Dataset extract –
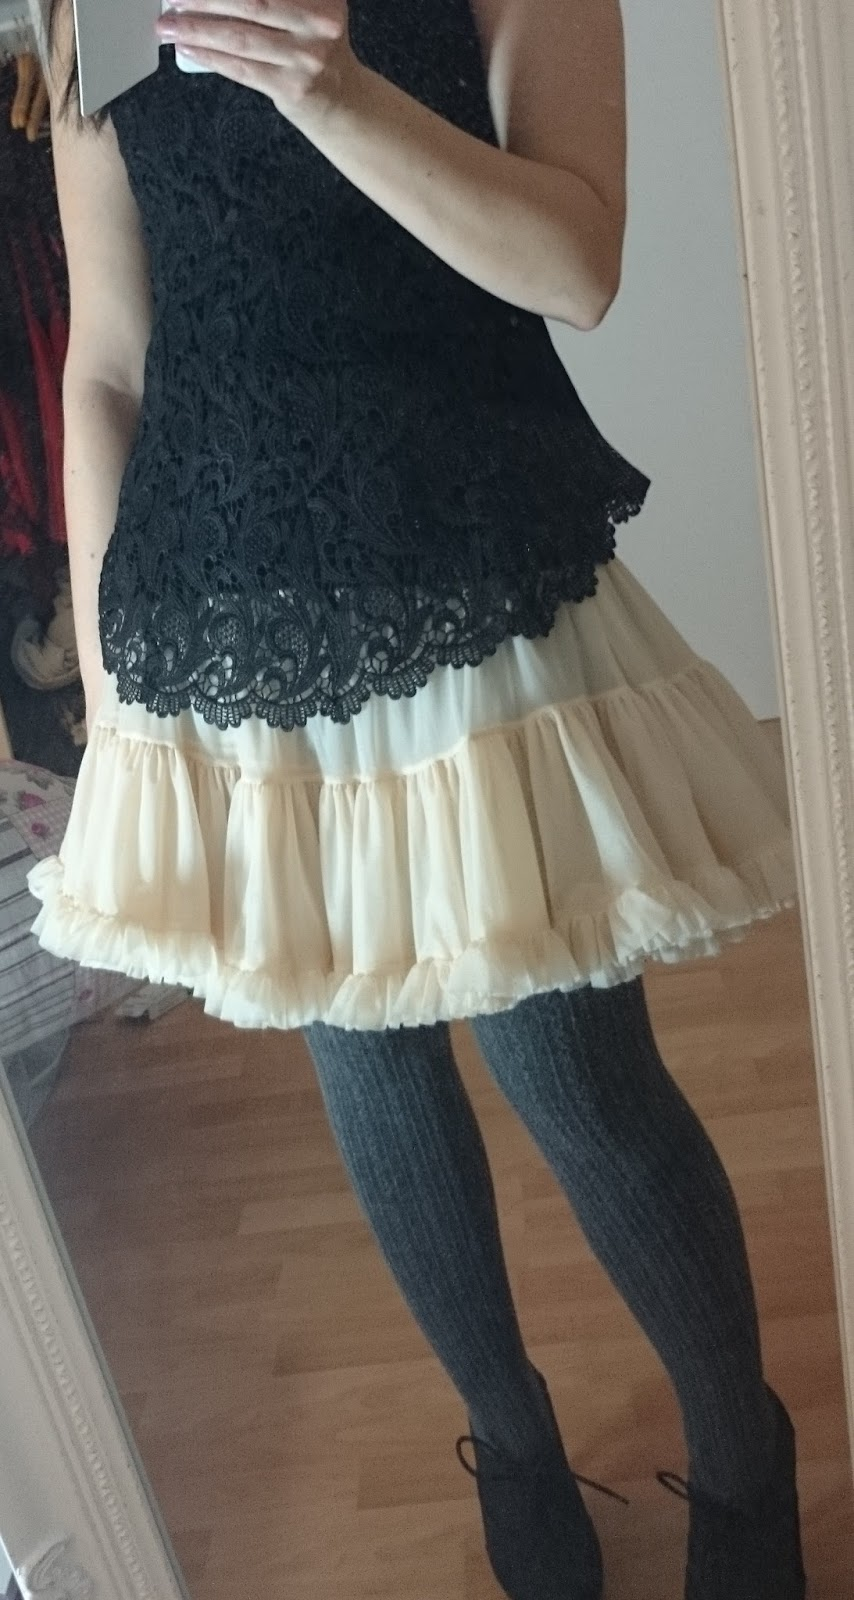 Petticoat und Strickstrumpfhose
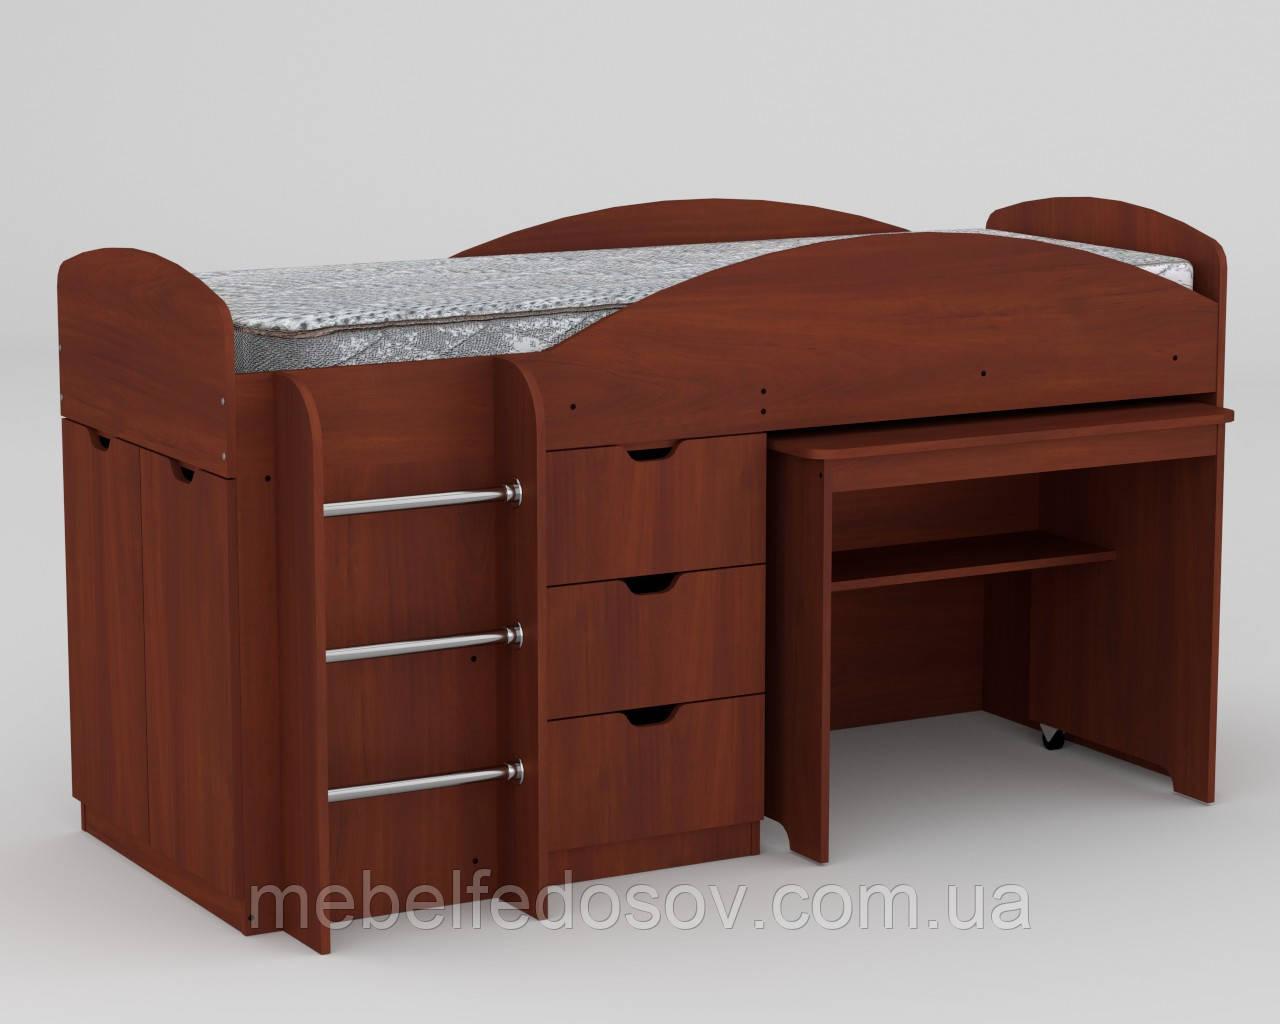 Универсал кровать чердак ДСП (Компанит) 892х1942х1060мм
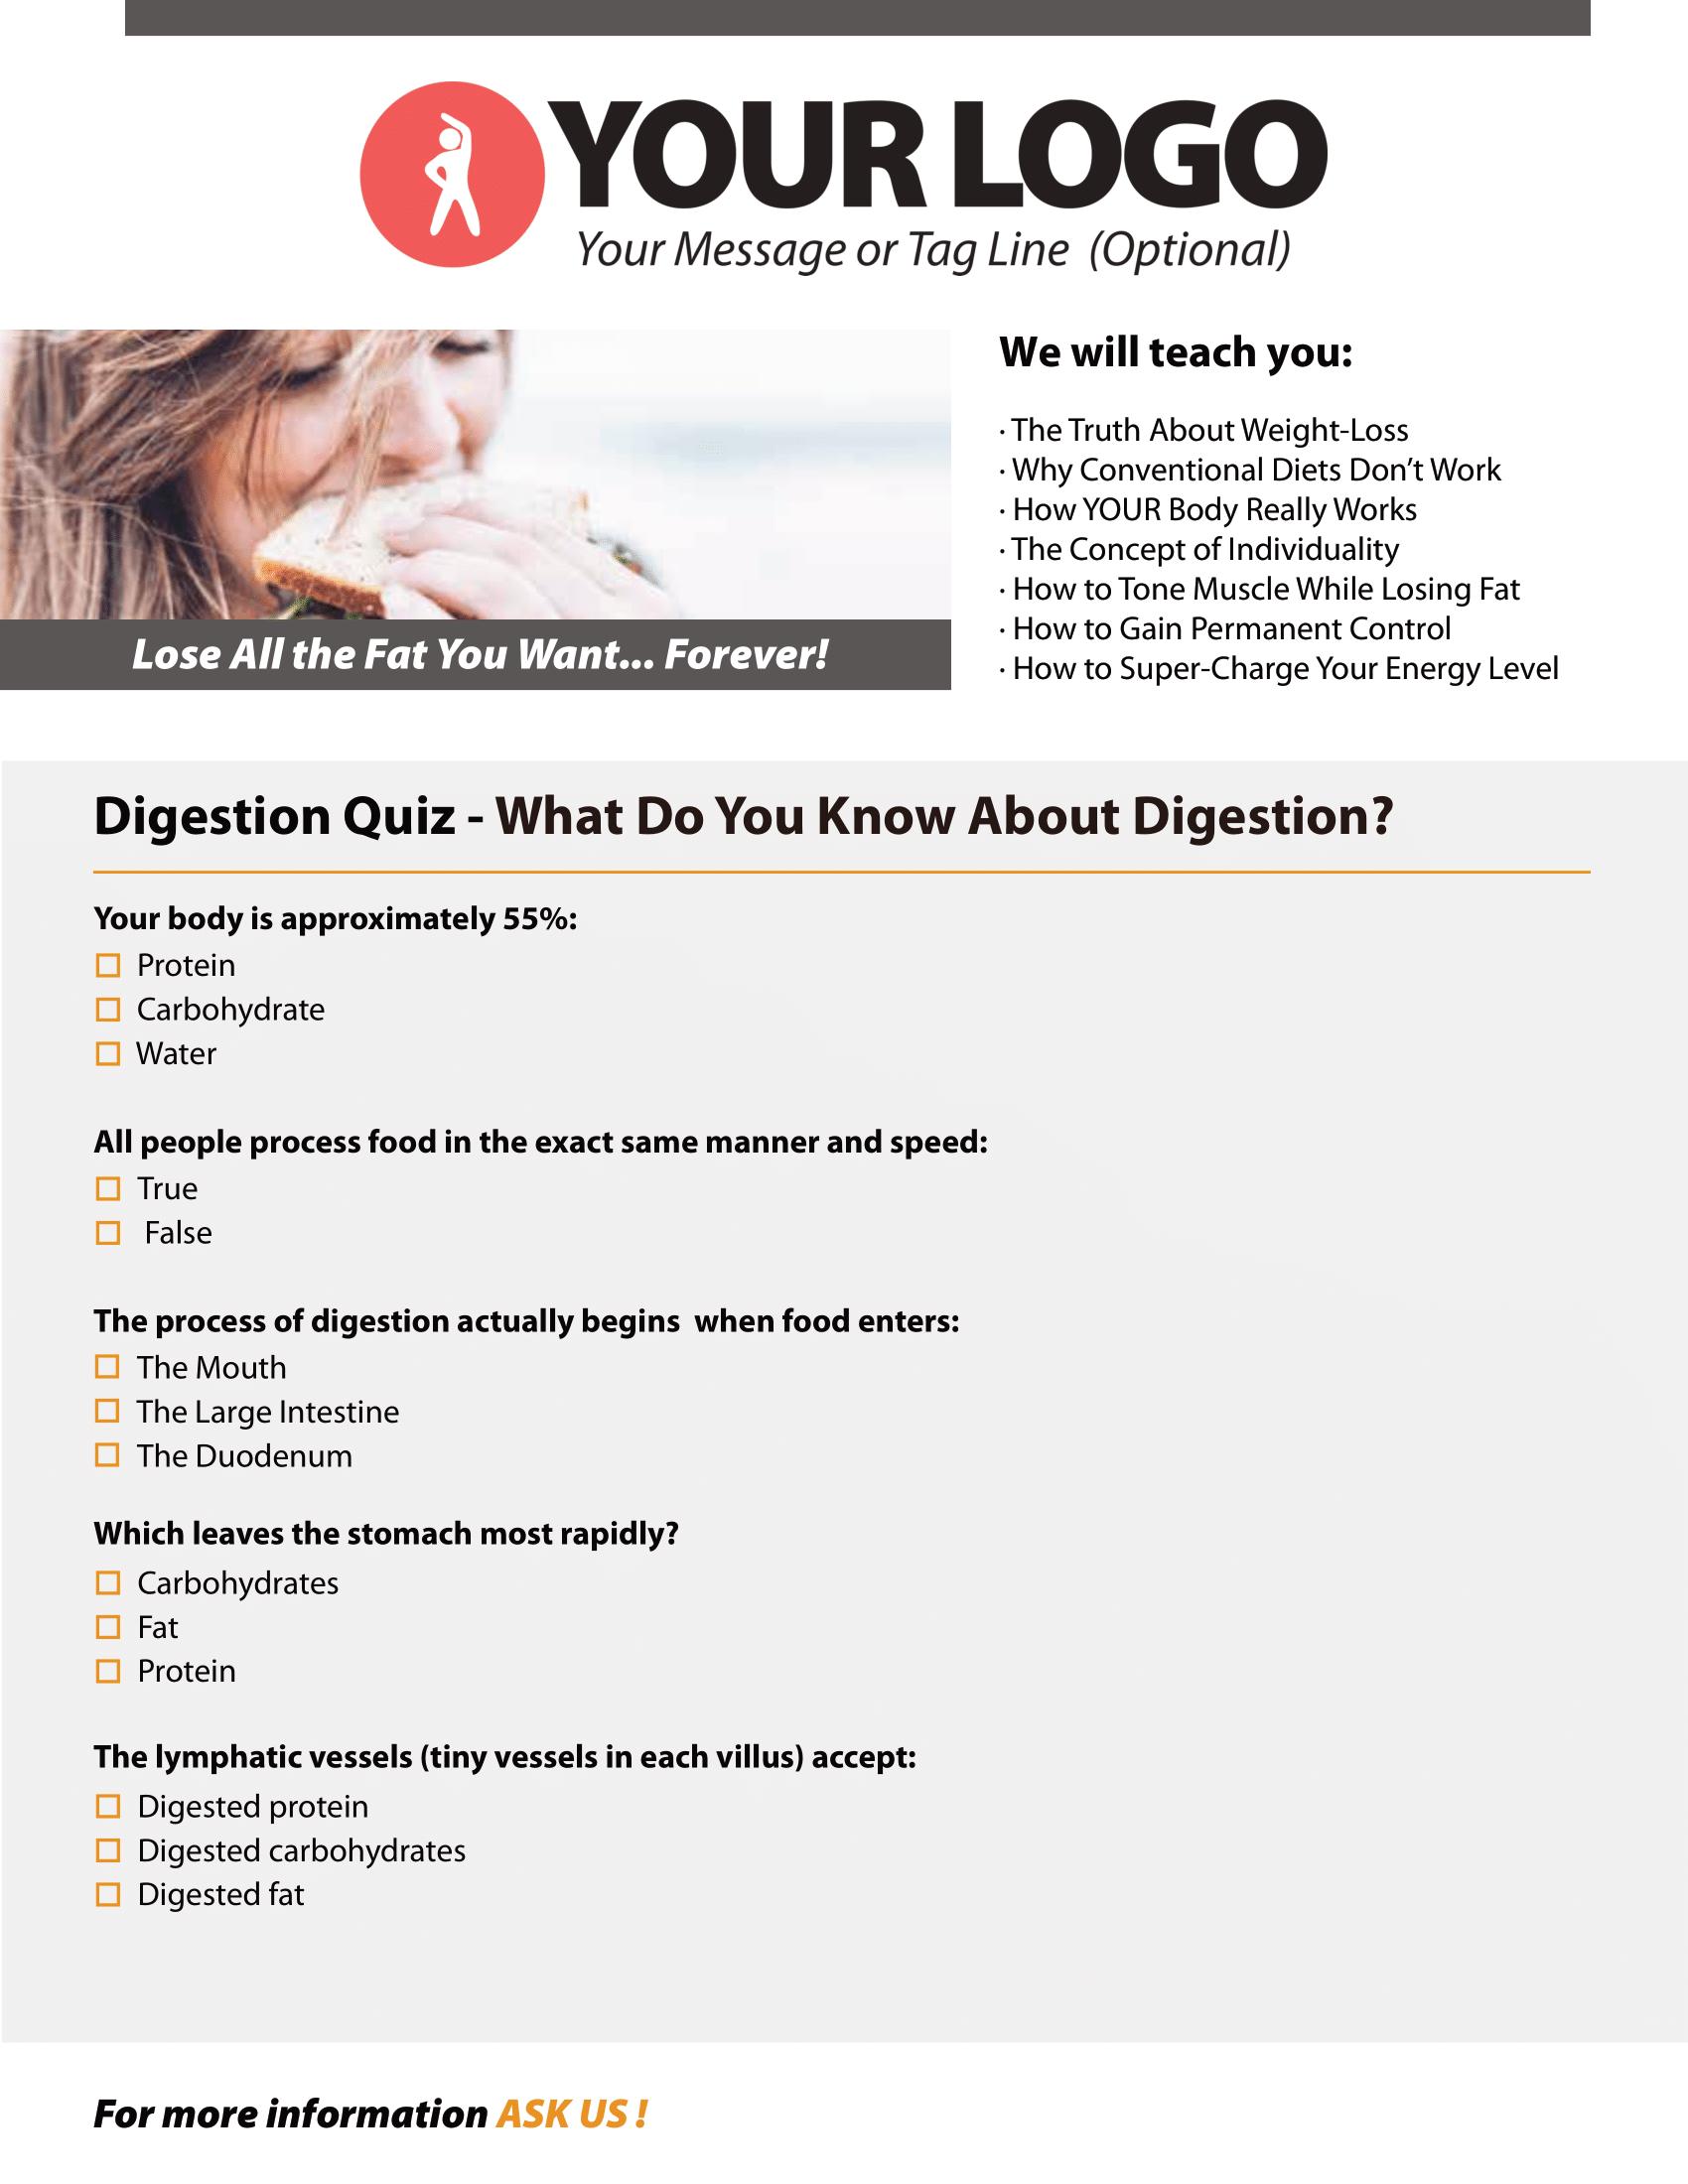 YOUR_LOGO_Quiz02_WE-1

Problem –
Print the listing above in full, exactly as written. Omit any pictures.

Response below –
 Petticoat und Strickstrumpfhose
 Универсал кровать чердак ДСП (Компанит) 892х1942х1060мм
 YOUR_LOGO_Quiz02_WE-1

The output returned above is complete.